McCutchen wonders what might have been for Pirates


Pittsburgh Pirates All-Star center fielder Andrew McCutchen puts on a Pittsburgh Steelers jersey with his number on it on the sideline before an NFL football game Baltimore Ravens in Pittsburgh on Sunday, Oct 20, 2013. (AP Photo/Gene J. Puskar)

by John Perrotto
AP Sports Writer

PITTSBURGH (AP) — Andrew McCutchen might be the best player on the Pittsburgh Pirates, but he’s not their chief recruiter.

The All-Star center fielder doesn’t plan to make any calls to right-hander A.J. Burnett, right fielder Marlon Byrd or any of Pittsburgh’s other free agents in an attempt to talk them into staying.
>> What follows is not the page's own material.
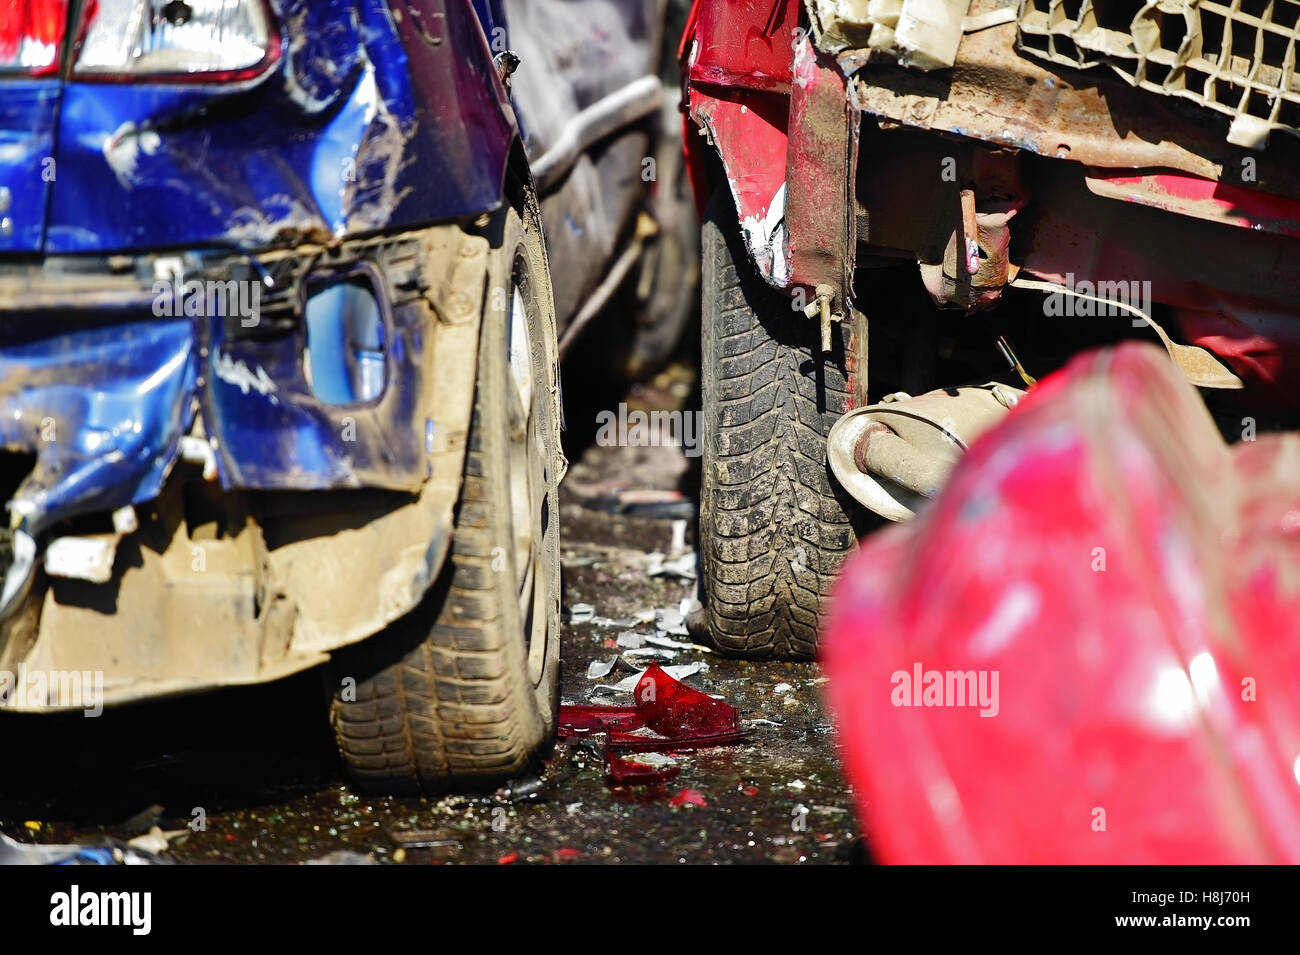 Détail de voitures endommagées après accident grave Banque D'Images

“That’s out of my jurisdiction,” McCutchen said Thursday before hosting a fundraiser for Habitat for Humanity. “Those guys have to make their own decisions. I hope they stay but I also know that other free agents will come here. Pittsburgh isn’t a place for players to come when they (don’t) have anywhere to go anymore.”

That’s what happens when a team wins.

The Pirates ended their streak of 20 consecutive losing seasons, the longest in the history of the four major professional sports, by going 94-68 this year. They also reached the playoffs for the first time since winning a third straight division title in 1992.
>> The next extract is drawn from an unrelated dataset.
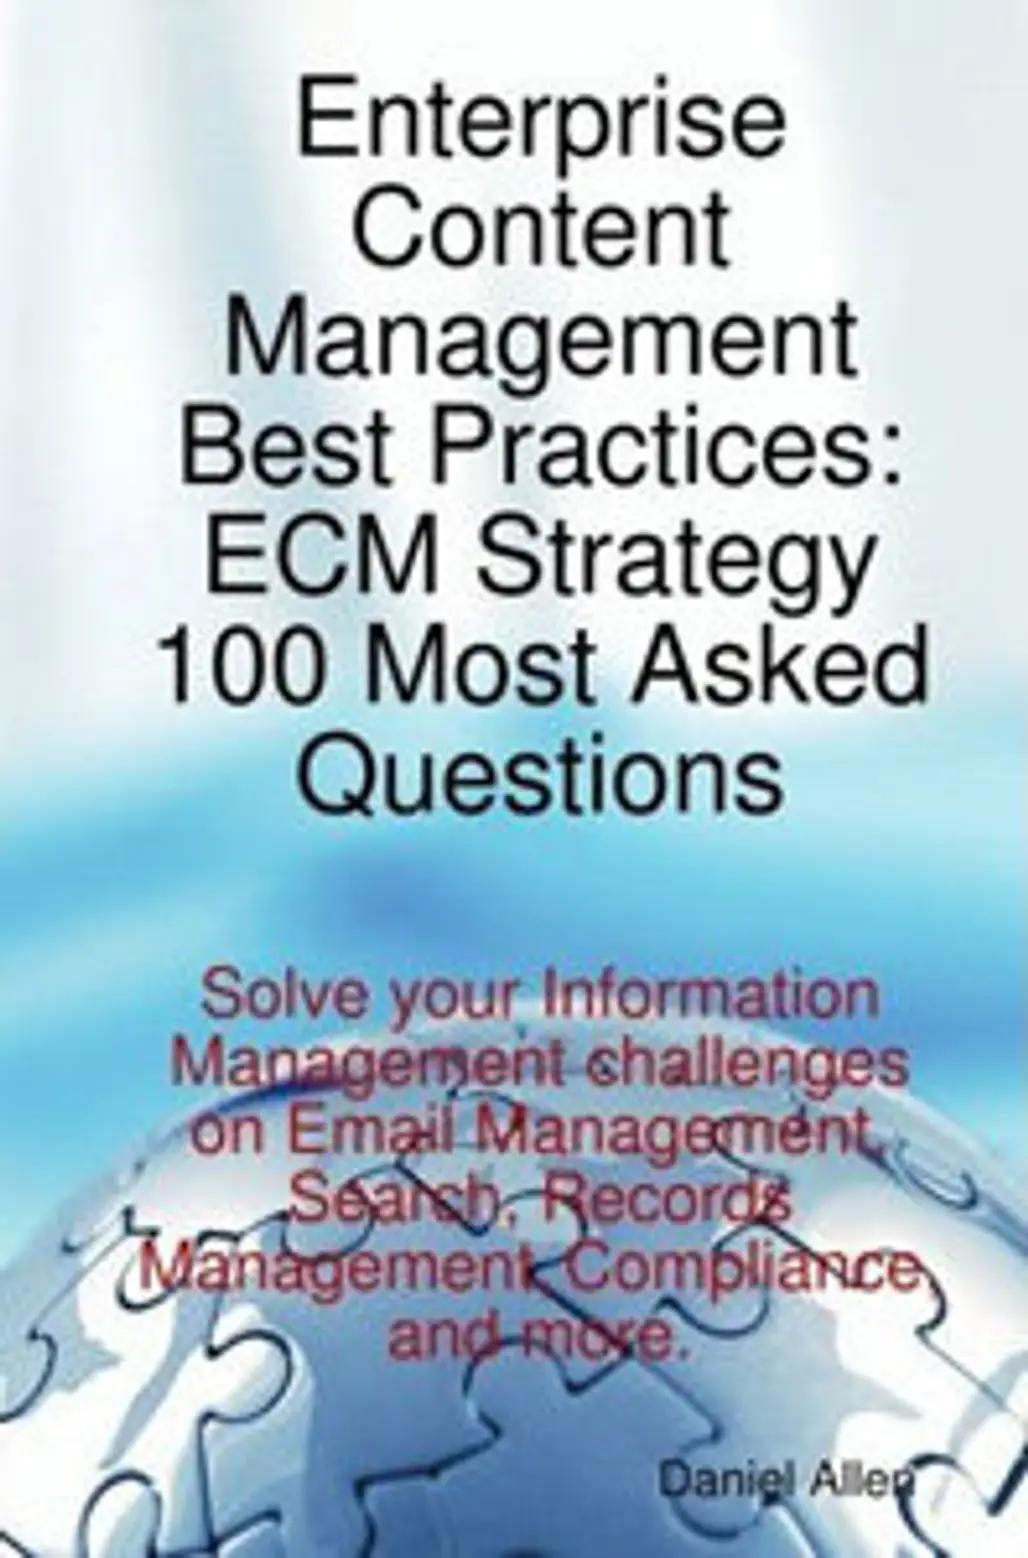 Enterprise Content Management Best Practices: ECM Strategy 100 Most Asked Questions

Pittsburgh beat the Cincinnati Reds in the NL wild-card game before losing to the St. Louis Cardinals in a division series that went the full five games.

McCutchen acknowledged wondering what might have been as he watched the NL champion Cardinals lose to the Boston Red Sox in the World Series.
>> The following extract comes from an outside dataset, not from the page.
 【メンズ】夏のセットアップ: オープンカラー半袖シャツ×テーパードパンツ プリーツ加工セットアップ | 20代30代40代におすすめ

“We took the Cardinals to the limit, gave them everything we had, so it was hard not to think that it could have been us playing the Red Sox,” McCutchen said. “I think we proved in the playoffs that we could play with anyone.

“It was a great experience for us and a great experience personally because it was my first time in the playoffs. I tried to savor every minute.”

The Pirates’ mission next season will be to prove they were not one-year wonders. Since the day after Pittsburgh clinched its playoff berth in September, general manager Neal Huntington and manager Clint Hurdle have been preaching the importance of sustaining the organization’s success.

“We’re not going to rest on what we’ve done,” McCutchen said. “We’re only going to get better as a team and the people upstairs are going to do everything they can to give us the best chance possible.”

McCutchen is one of three finalists for the NL MVP award, along with Arizona Diamondbacks first baseman Paul Goldschmidt and Cardinals catcher Yadier Molina. The winner will be announced next Thursday.

McCutchen hit .317 with 21 home runs, 84 RBIs and 27 stolen bases in 158 games.

“It’ll be interesting because Goldschmidt and Yadi had really good years,” McCutchen said. “There’s nothing more I can do now but wait and see what happens. Obviously, I’d love to win it. I’d definitely find some room in my office for it.”